However, the arrangement of these components may not be limited
thereto. For example, the thin film transistors 134, the light
shielding layer 135, and the color filter layer 137 may all be
disposed on the same substrate, wherein the thin film transistors
134, the light shielding layer 135, and the color filter layer 137
may all be disposed on the same substrate, wherein the substrate
can be the upper substrate or the lower substrate, and the
selection of the substrate may depend upon the design requirement
of the display device 100.
[0030] The upper substrate 121, the lower substrate 122, the upper
substrate 131, and the lower substrate 132 may be a rigid substrate
or a flexible substrate. The materials of the upper substrate 121,
the lower substrate 122, the upper substrate 131, and the lower
substrate 132 may include (but not limited to) glass, polyimide
(PI), polyethylene terephthalate (PET), or any other material
suitable for forming a substrate.
[0031] The second panel 130 includes a second working area 130S and
a second non-working area 130P. The second working area 130S may be
rectangular or other irregular shape, and is not limited thereto. A
light shielding layer 135 disposed at the periphery of the second
panel 130 is used to define the second working area 130S and the
second non-working area 130P. The second working area 130S includes
a plurality of pixel regions 139 and a plurality of thin film
transistors 134. For example, in some embodiments of the present
disclosure, each of the pixel regions 139 is an aperture region
that allows light to pass there through. In other embodiments of
the present disclosure, each of the pixel regions 139 may be a
light passing region defined by the light shielding layer 135 (for
example, a black matrix, a metal layer or the portions of a color
filter layer on which different pigments are overlapped) in a
liquid crystal display panel. The second non-working area 130P is
an area counted from the outer edge of the pixel regions 139
disposed at the outermost edge of the second working area 130S to
the edge of the substrate (such as the upper substrate 131),
wherein the second non-working is area 130P may be covered by the
light shielding layer 135. In some embodiments, a gate on panel
(GOP) driving circuit 150 for driving the second panel 130 may be
optionally disposed in the second non-working area 130P of the
second panel 130. The gate on panel (GOP) driving circuit 150 for
driving the second panel 130 may overlap with the gate on panel
(GOP) driving circuit 109 for driving the first panel 120.

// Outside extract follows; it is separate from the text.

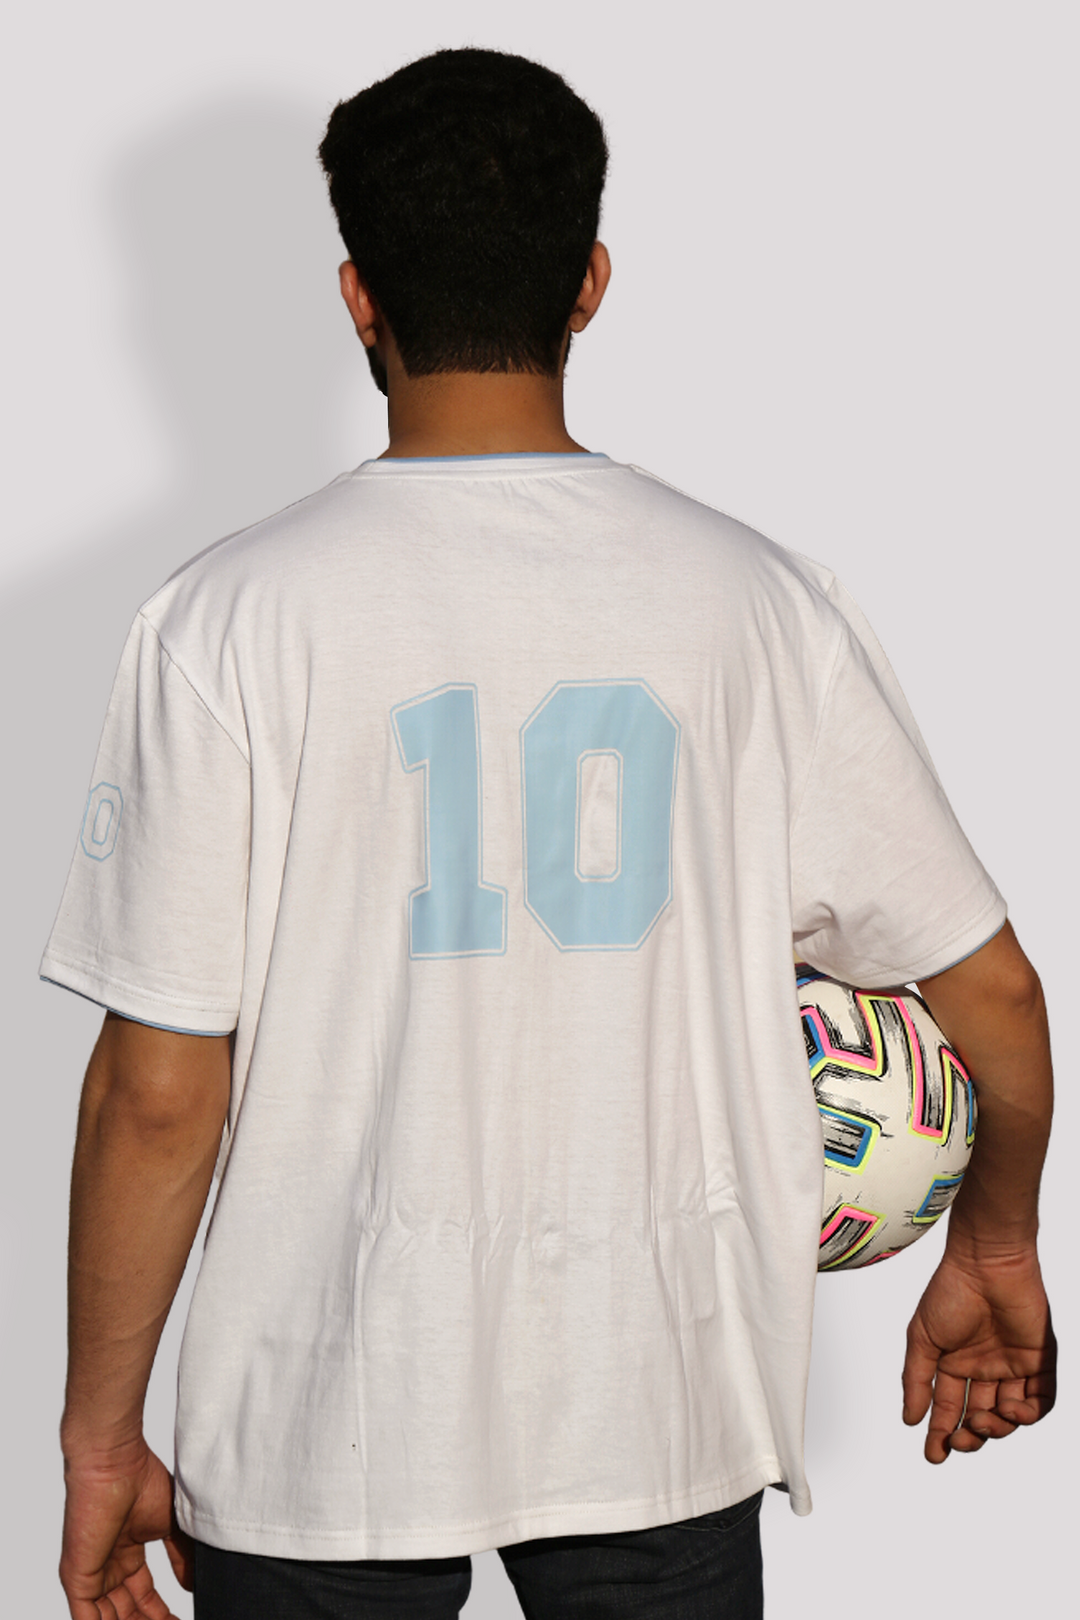 Football Tshirt Limited Edition - Argentina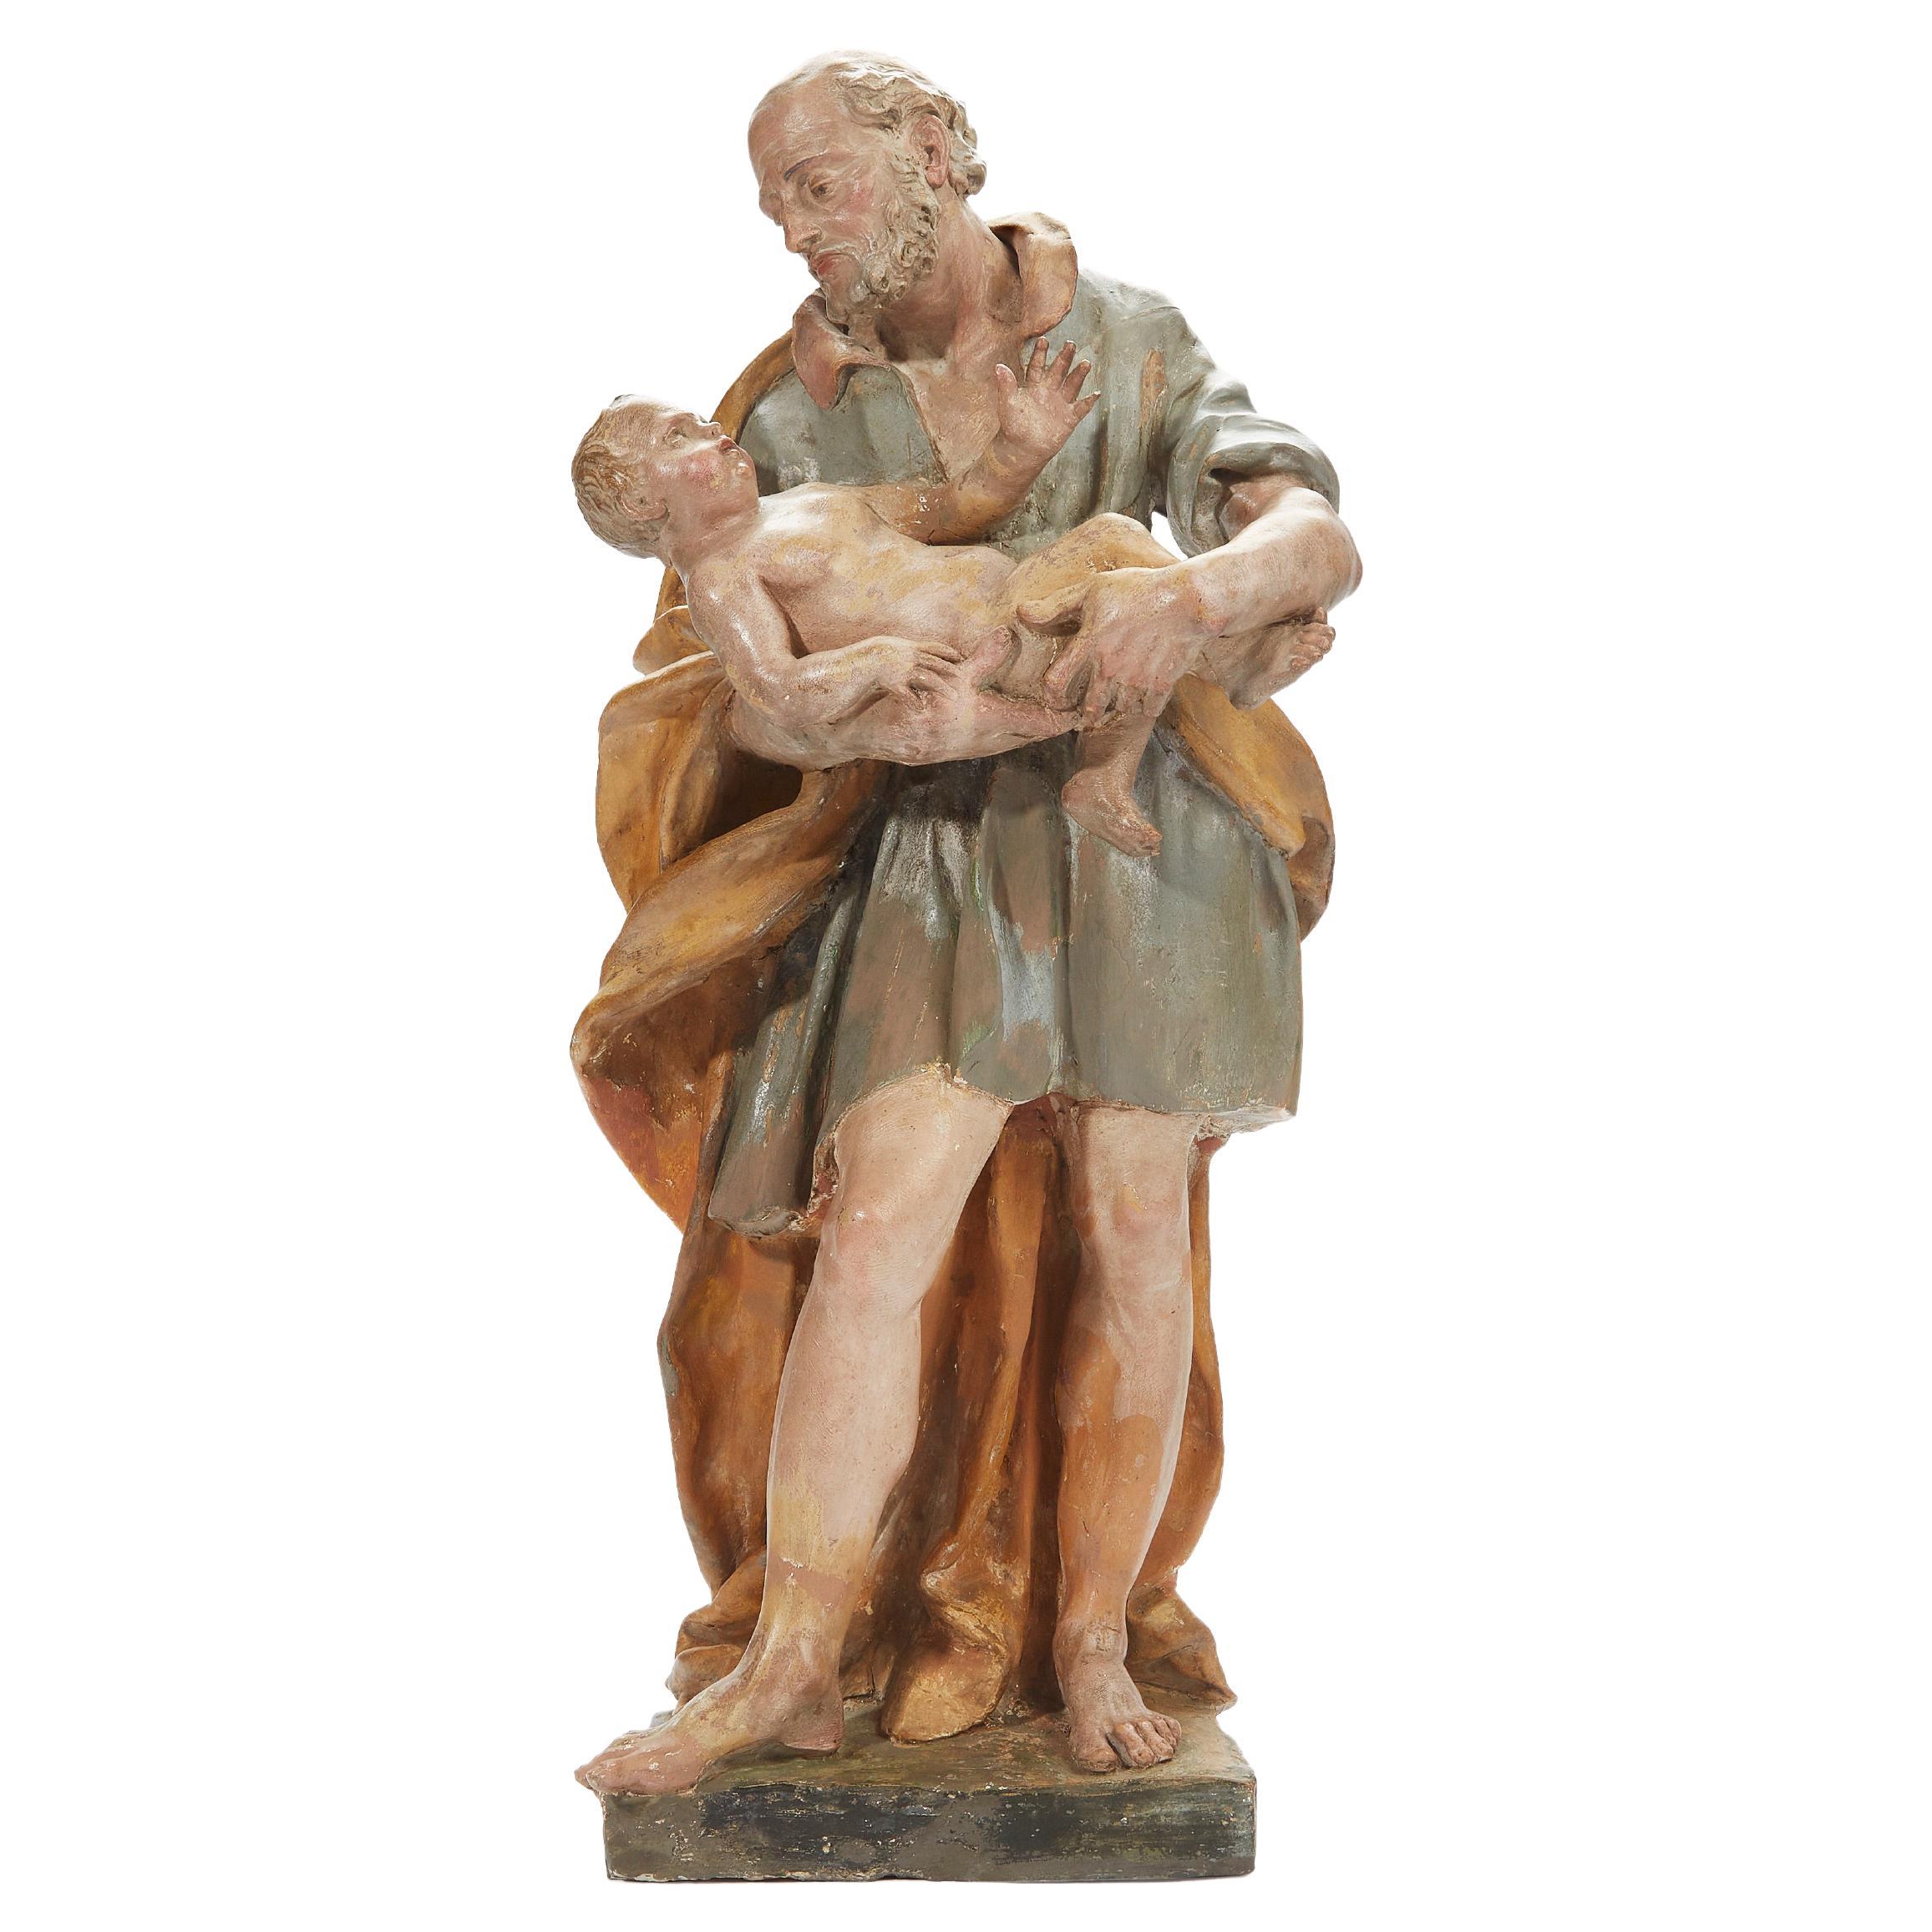 18th Century Italian St Joseph with Infant Jesus Baroque Old Master Sculpture

[0032] In an embodiment in which the second working area 130S is
rectangular, the edges of the light shielding layer 135
respectively departing away from the fifth side 130A, the sixth
side 130B, the seventh side 130C, and the eighth side 130D of the
second panel 130, are referred to as the second edge 130S2, the
fourth edge 130S4, the sixth edge 130S6, and the eighth edge 130S8.
Wherein, the areas adjacent to the second edge 130S2, the fourth
edge 130S4, the sixth edge 130S6, and the eighth edge 130S8 is the
second working area 130S; and the area from the second edge 130S2,
the fourth edge 130S4, the sixth edge 130S6, and the eighth edge
130S8 of the second working area 130S respectively extending to the
fifth side 130A, the sixth side 130B, the seventh side 130C, and
the eighth side 130D of the second panel 130 can be referred to as
the second non-working area 130P.
[0033] The light shielding layer 135 of the second non-working area
130P can be used to shield part of the light that is emitted
outward through the light exiting side 1300 of the second panel 130
or to shield part of incident light coming from the outside. A
pixel matrix having a plurality of pixel regions 139 can be formed
in the second working area 130S by using the plurality of pixel
regions 139 and the plurality of thin film transistors 134 disposed
in the second working area 130S according to the resolution
requirement of the second panel 130. In some embodiments of the
present disclosure, the light shielding layer 135 may be made of a
black matrix or other light blocking material, such as a metal. The
resolution of the second panel 130 may be greater than (but not
limited to) that of the first panel 120.
[0034] Referring to FIG. 1A, the first panel 120 has a first side
120A, a second side 120B, a third side 120C, and a fourth side
120D; wherein the first side 120A and the third side 120C are
opposite to each other; and the second side 120B and the fourth
side 120D are opposite to each other. The second panel 130 has a
fifth side 130A, a sixth side 130B, a seventh side 130C, and an
eighth side 130D; wherein the fifth side 130A and the seventh side
130C are opposite each other; and the sixth side 130B and the
eighth side 130D are opposite to each other. In some embodiments of
the present specification, the first side 120A of the first panel
120 aligns to the fifth side 130A of the second panel 130, and the
third side 120C of the first panel 120 aligns to the seventh side
130C of the second panel 130. However, the arrangement of these
sides is just exemplar but not limited thereto.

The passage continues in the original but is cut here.